A parameterizeable display system might:

	* read and parse one or more TG files, constructing a
          (probably not very human-readable) TG data structure
          internally as a set of nodes with labels and arcs of various
          types between the segment-anchoring nodes.  (Note that
          overlapping chunks as for example in non-agglutinative
          languages may require multiple nodes at a finer level of
          representation, with arcs covering more than a single
          node-to-node segment.  One node preceding the first
          influence of a later form, and another following the last
          influence of the previous form.)

	* display the types available in a configuration UI for selection.
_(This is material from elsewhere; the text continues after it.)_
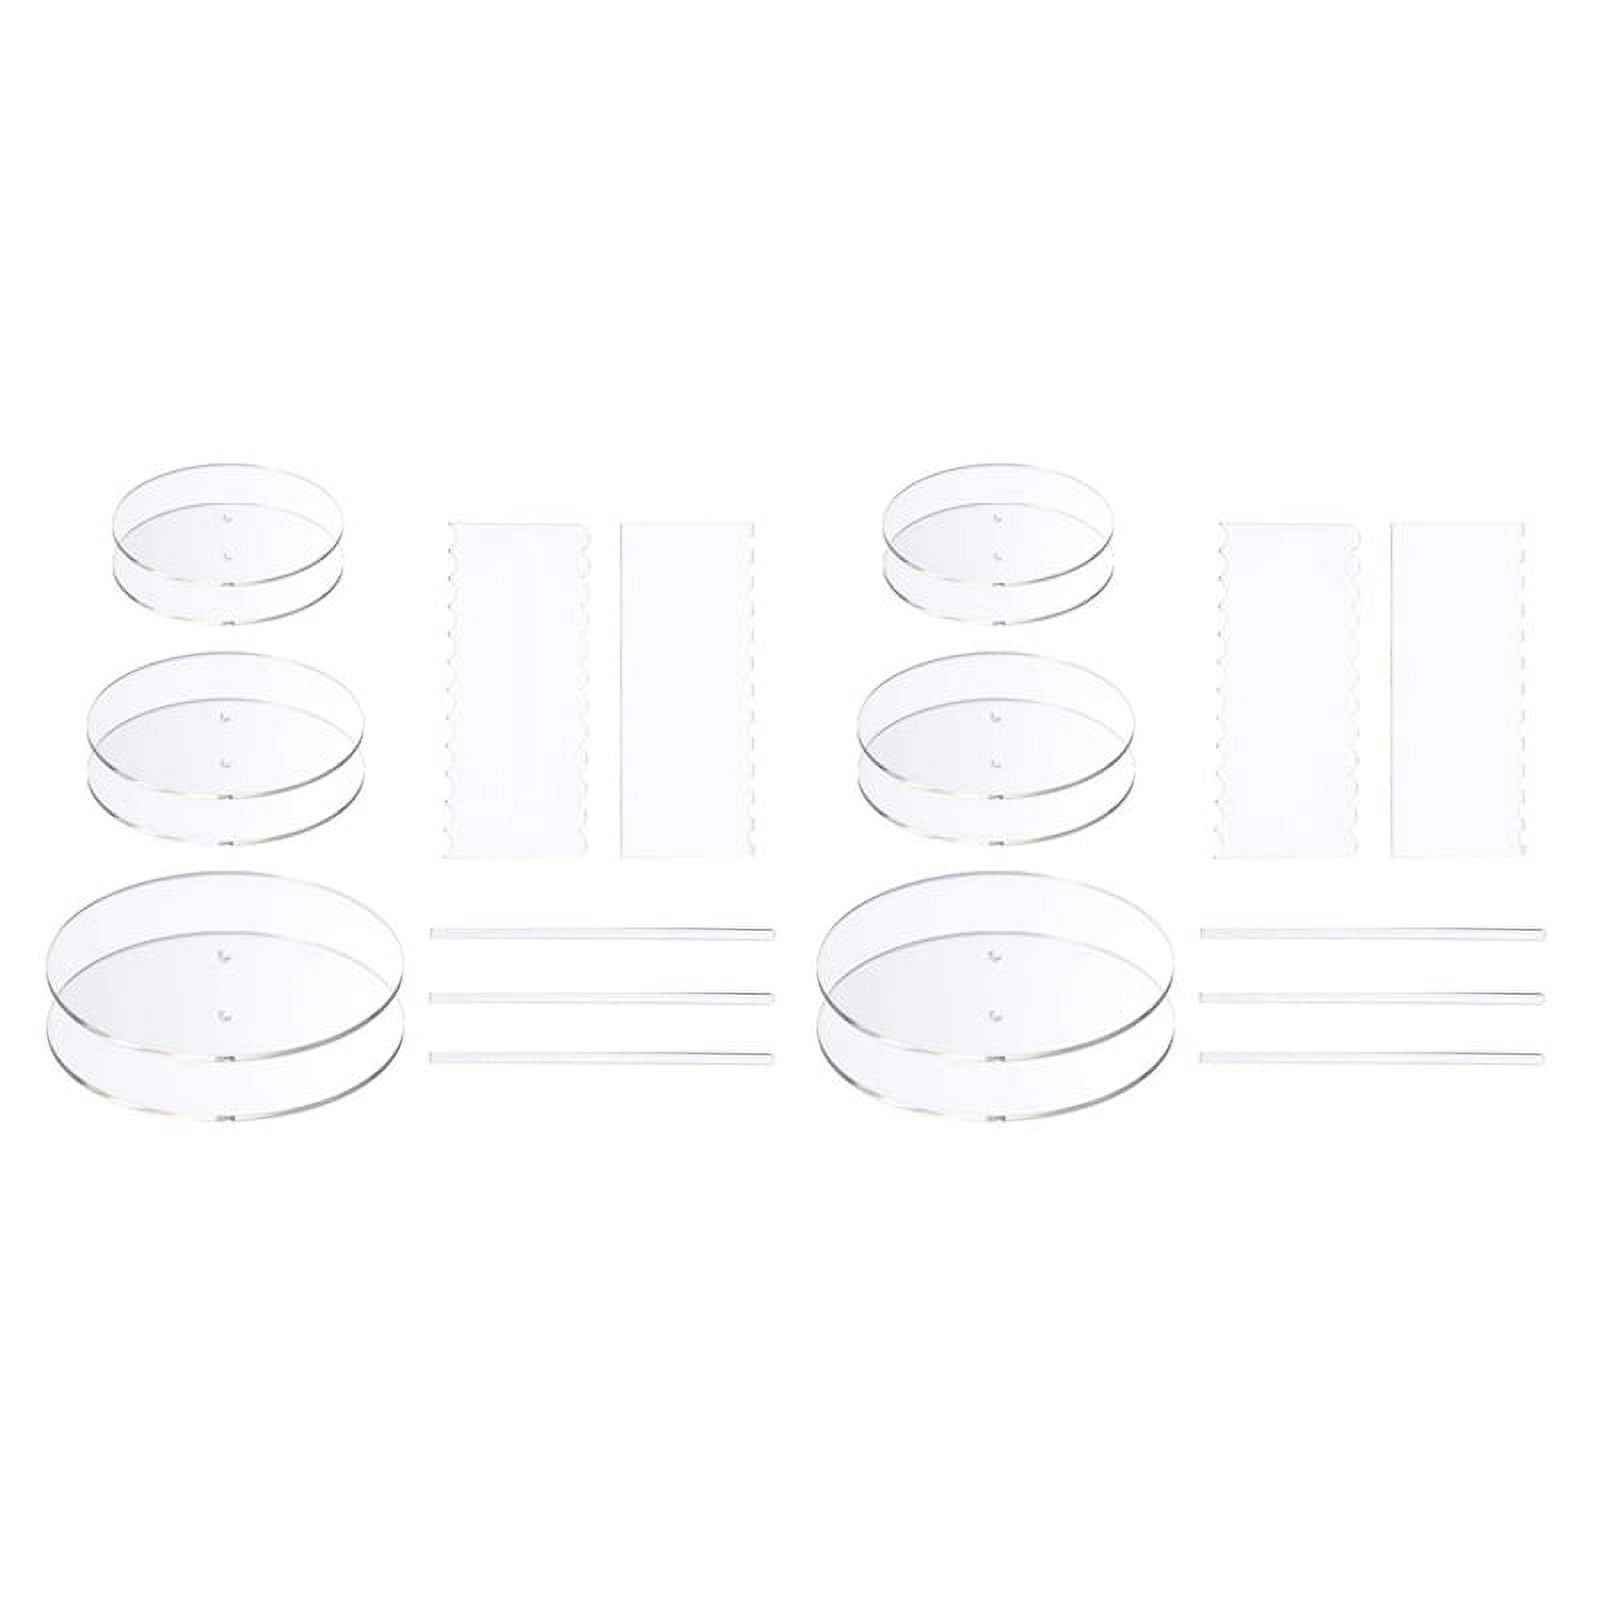 Spec101 Acrylic Cake Disc, 8.25 Inch 2 Pack - Round Acrylic Cake Disc Set,  Acrylic Disk for Cake Decorating, 1/8in Thick

	* display the selected types in a linguistics-style,
          multilinear, tabular display, comprising 

		* a line in the table for each selected type

		* links on selected types leading to a selected alternate type

		  * e.g., click on a word in the word line to hear the
  		    audio of the word not shown in the text display
  		    but referenced in the TG as an audio arc
  		    corresponding to that word arc.  
		  * or e.g., click to pop up and choose from a
  		    menu of alternative data types available

		  [ A L2Surface-Script2 (target document)
		  I B L2Surface-Script1 (transliterated for readability)
		  I C L2-Morphs/Stems-Script1 (analysed to show/learn structure)
		  I D L1-Morphological translations (translated to learn meaning bits)
		  I E L1-phrase translations (translated to support/guide learner study)
		  ]
		  A|B is a transliteration system, a little script-based FSM within UTF-8.
		  A' should be a recorded spoken reading of the target document segment.
		  B' should be recordings of each stem in isolated/pedantic/underlying form.
		  |C is L2 morphological analysis into stems and inflections and tags.
		      undo sandhi/mechanical/surface/phonological operations.
		          Tag their application for learners to see.
		      detect unit boundaries
		      dictionary lookup of units; show if found, prompt for entry if not
		          the units are post-inflectional morphology,
			  lookup means we find surface form's root morphemes, inflections and tags
			  So C is its own level as a sequence of tagged stems,
			     but more so it is between levels, it provides the map to morphemes.
   	          |D is lexical information, the output of the dictionary lookup,
		      namely the translated stems and inflectional content
		  |E is phrasal translations made by a translator.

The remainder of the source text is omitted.